Борис Егоров - Аполлон Григорьев
Вечерами обучение могло продолжаться исподволь: Сергей Иванович в сумерках лежал на диване, Аполлон пристраивался рядом и «шарил» в волосах учителя, а тот, в свою очередь почесывая голову ученика, рассказывал ему эпизоды из древнеримской истории.
Еще сына обучали в детстве музыке, Аполлон прекрасно играл на фортепиано. Позднее он пристрастится к гитаре и на ее фоне создаст свои лирические шедевры.
Когда сын подрос, отец нанял ему еще гувернера француза, общение с которым принесло Аполлону прекрасное знание французского языка. Подросший, он жил уже наверху, в мезонине, занимая северную квартиру, а в аналогичной южной жил гувернер.
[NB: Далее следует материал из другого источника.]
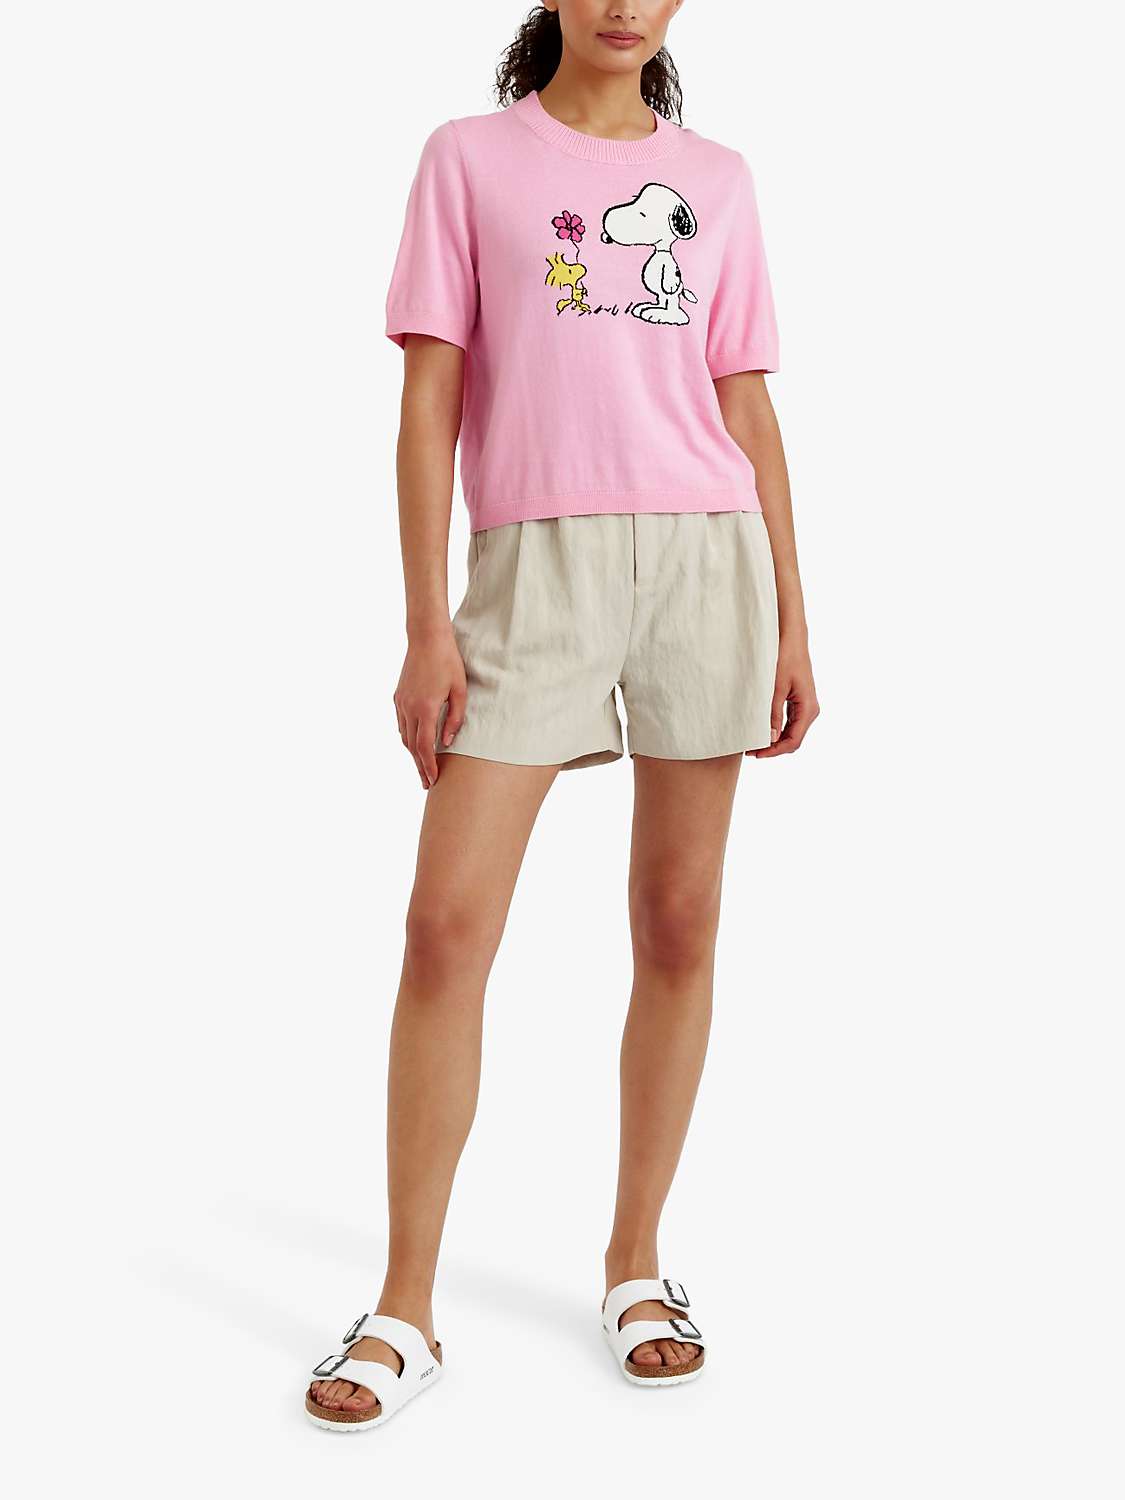 Buy Chinti & Parker Flower Power Peanuts T-Shirt, Fondant Pink/Multi Online at johnlewis.com

За год до поступления Аполлона в университет француз стал сильно попивать: то ли от дворни научился, то ли своим телом дошел. Однажды он так накачался, что слетел кувырком по ступенькам лестницы до самого низу. Любивший комические эпизоды Александр Иванович в торжественном тоне рассказывал потом об этом событии и заключал: «Снисшел еси в преисподняя земли». Ясно, что гувернер был тут же уволен.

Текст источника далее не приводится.